State Ex Rel. Utilities Commission v. Southern Bell Telephone & Telegraph Co.

Justice Exum

dissenting in part and concurring in part.

I dissent from so much of the majority opinion which holds that the Utilities Commission correctly concluded that yellow page advertising was an integral part of providing adequate telephone service so that revenues from this advertising are properly considered in setting rates for the utility. Even if such a conclusion now constitutes good rate making policy because, as the Commission found, Southern Bell presently has a monopoly on such advertising, the monopoly, if it exists, is de facto and not de jure. This Court, concededly in a different context, nevertheless held that “the business of carrying advertisements in the yellow *551pages of its directory is not a part of a telephone company’s public utility business.” Gas House, Inc. v. Southern Bell Tel. Co., 289 N.C. 175, 184, 221 S.E. 2d 499, 505 (1976). This statement is not dictum as I read the case; it is a necessary conclusion to the decision in the case sustaining Southern Bell’s limitation of liability clause in a contract for yellow page advertising. To “overrule” this language in Gas House is, in effect, to overrule the decision in that case. I cannot subscribe to the majority’s rather cavalier attitude to precedents of this Court with which it now disagrees. If such advertising is not a part of the company’s public utility business, as we held in Gas House, then it is not subject to regulation and revenues derived from it are not properly considered in setting rates for the public utility services which the company provides. G.S. 62-3(23)d.
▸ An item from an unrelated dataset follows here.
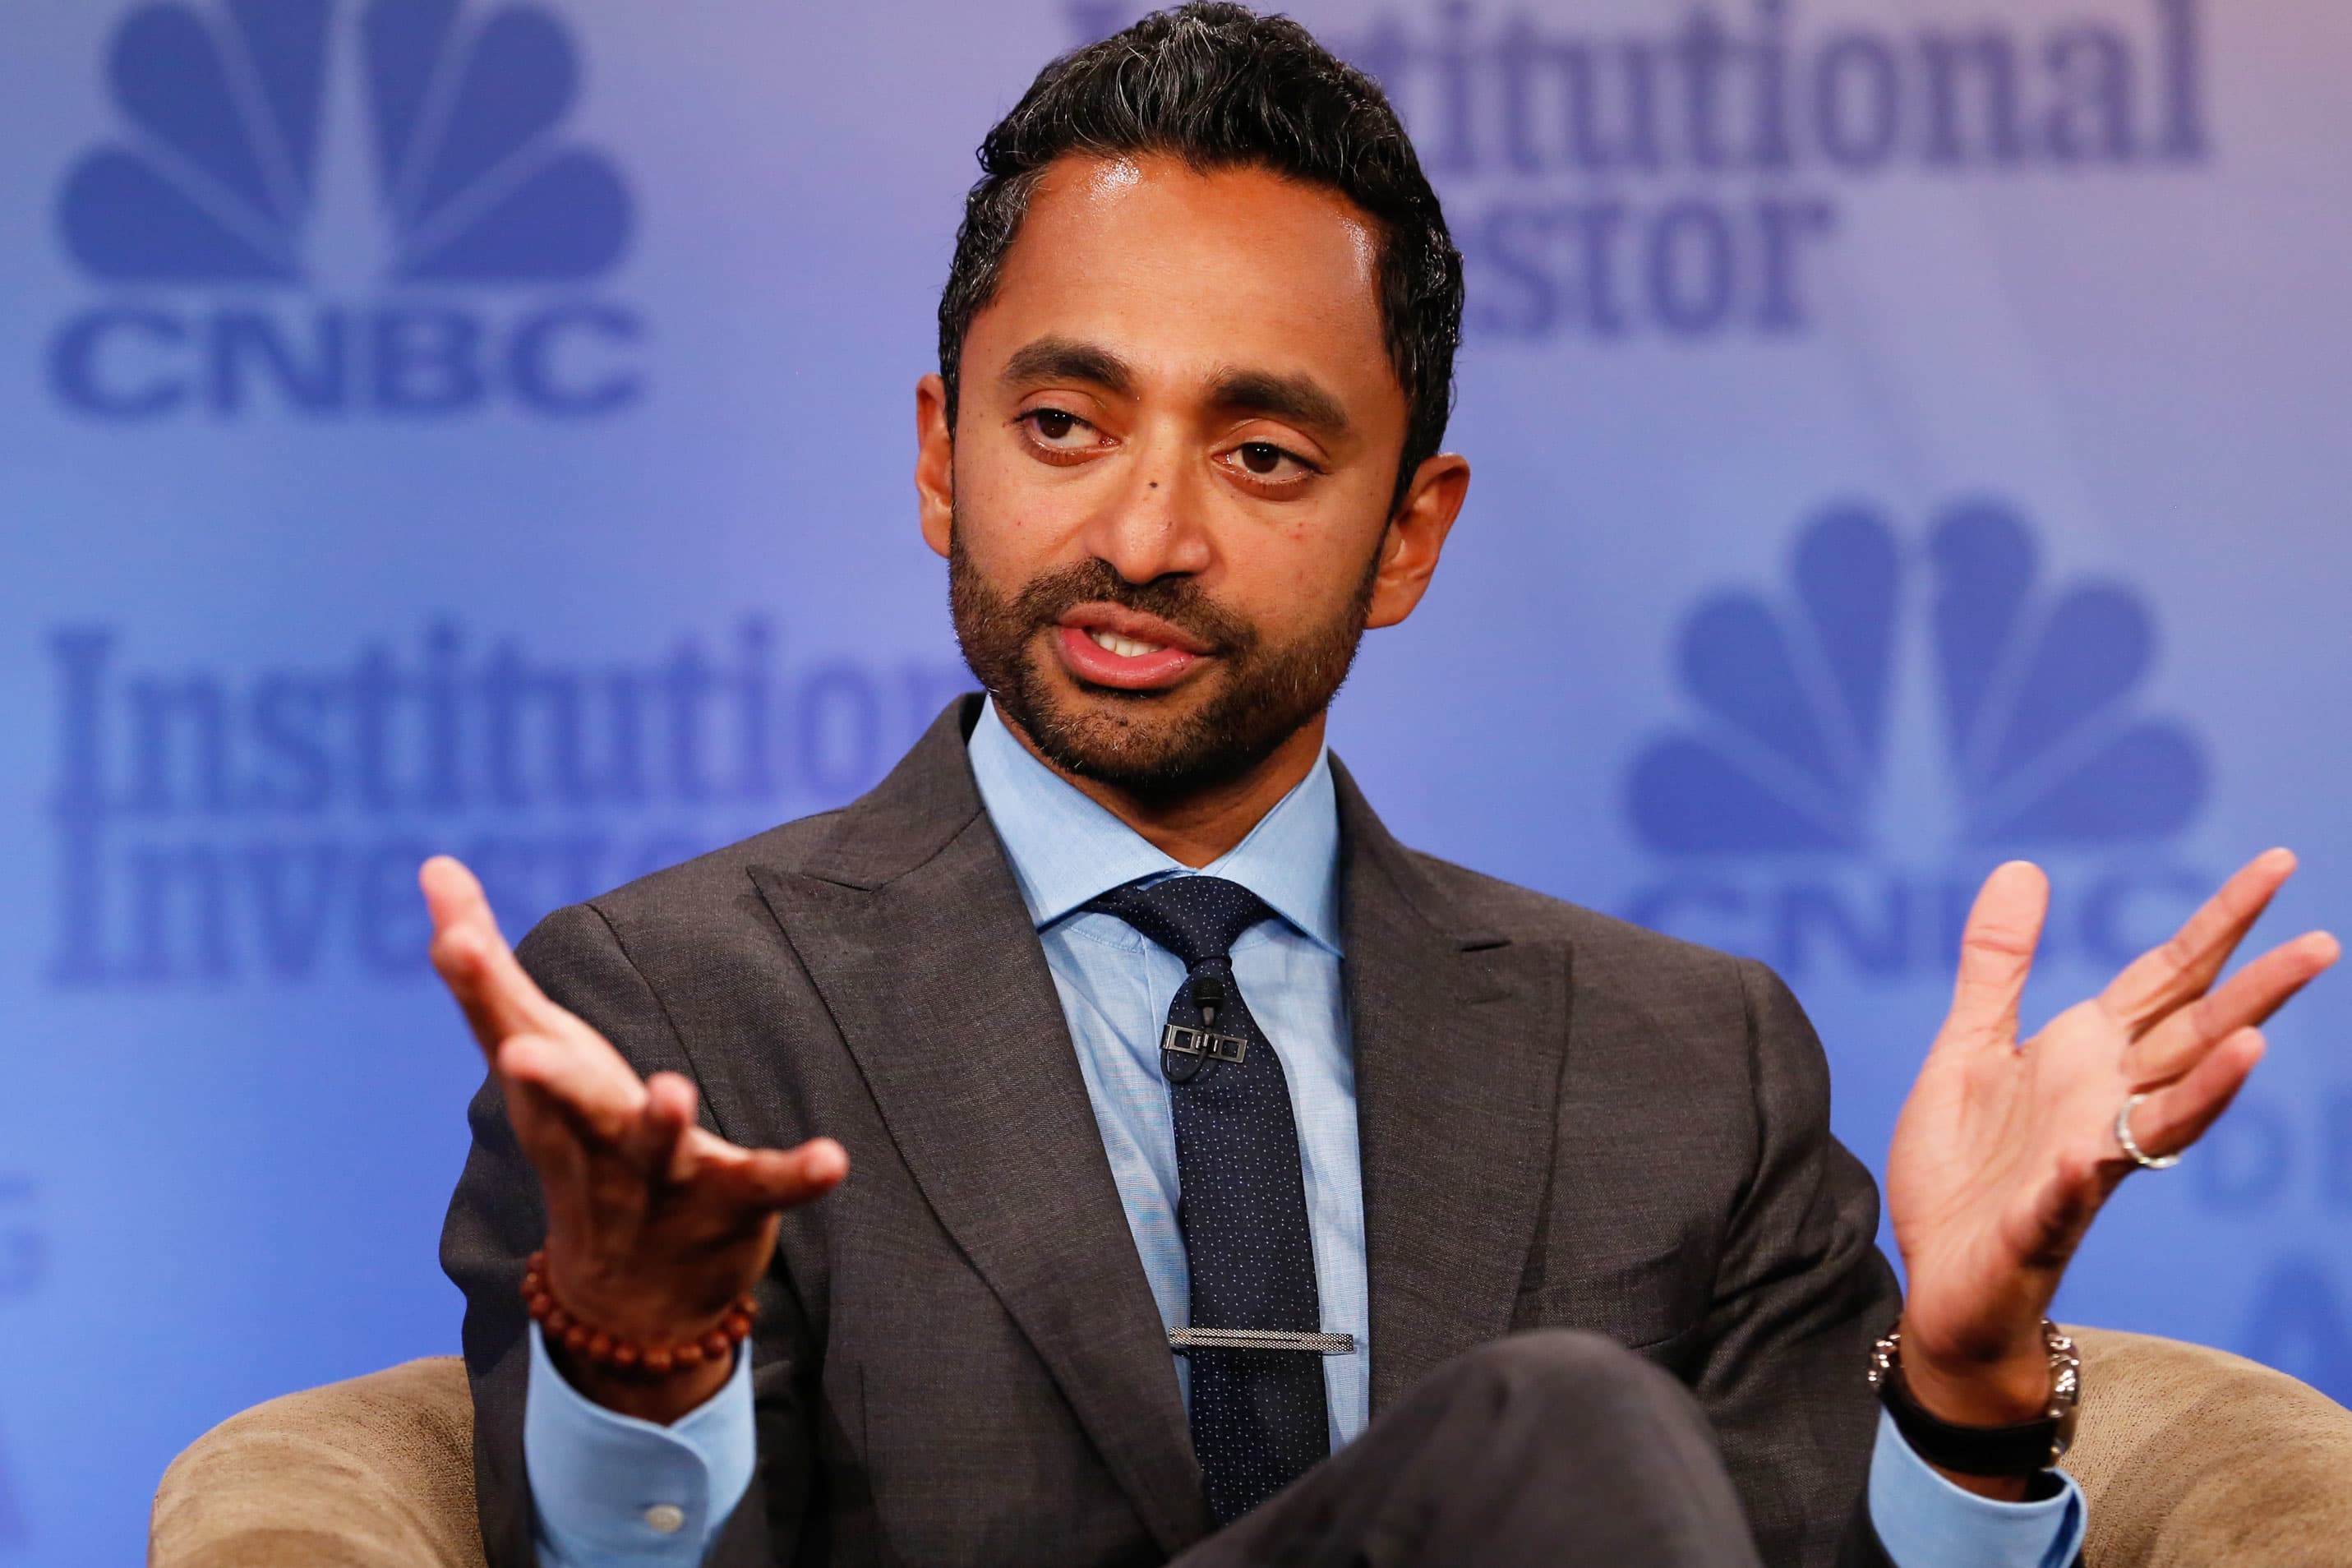 Warren Buffett is 'completely wrong and outdated' on bitcoin, Chamath Palihapitiya says - CNBC

I also disagree with the majority’s conclusion that the question whether the utility’s rate of return allowed by the Commission was so low as to be confiscatory is not moot. Because our ruling in its favor on this question could provide no relief for the utility in this proceeding, I think it is moot under Utilities Commission v. Southern Bell Tel. Co., 289 N.C. 286, 221 S.E. 2d 322 (1976). Even if moot, this Court may, if it chooses, consider the question on the basis that it is a question of general importance, likely to recur in future rate making cases, and deserving of prompt resolution. Leak v. High Point City Council, 25 N.C. App. 394, 213 S.E. 2d 386 (1975); Matthews v. Dep’t of Transportation, 35 N.C. App. 768, 242 S.E. 2d 653 (1978); see also Netherton v. Davis, 234 Ark. 936, 355 S.W. 2d 609 (1962); Walker v. Pendarvis, 132 So. 2d 186 (Fla. 1961); Payne v. Jones, 193 Okla. 609, 146 P. 2d 113 (1944); 5 CJS, Appeal and Error, § 1354(1) (1958).

The utility argues that because the rate of return allowed on its equity is less than that which it earns on its bonds, the equity rate of return is confiscatory. This kind of question is one properly addressable by this Court even if our answer to it can provide no relief to the utility in this proceeding. I agree with the majority’s decision to take up the question and with the majority’s conclusion that the rate of return on equity was not confiscatory simply because the rate was lower than the yield on the utility’s bonds. I further agree there was ample evidence in the record to support the rate of return allowed by the Commission.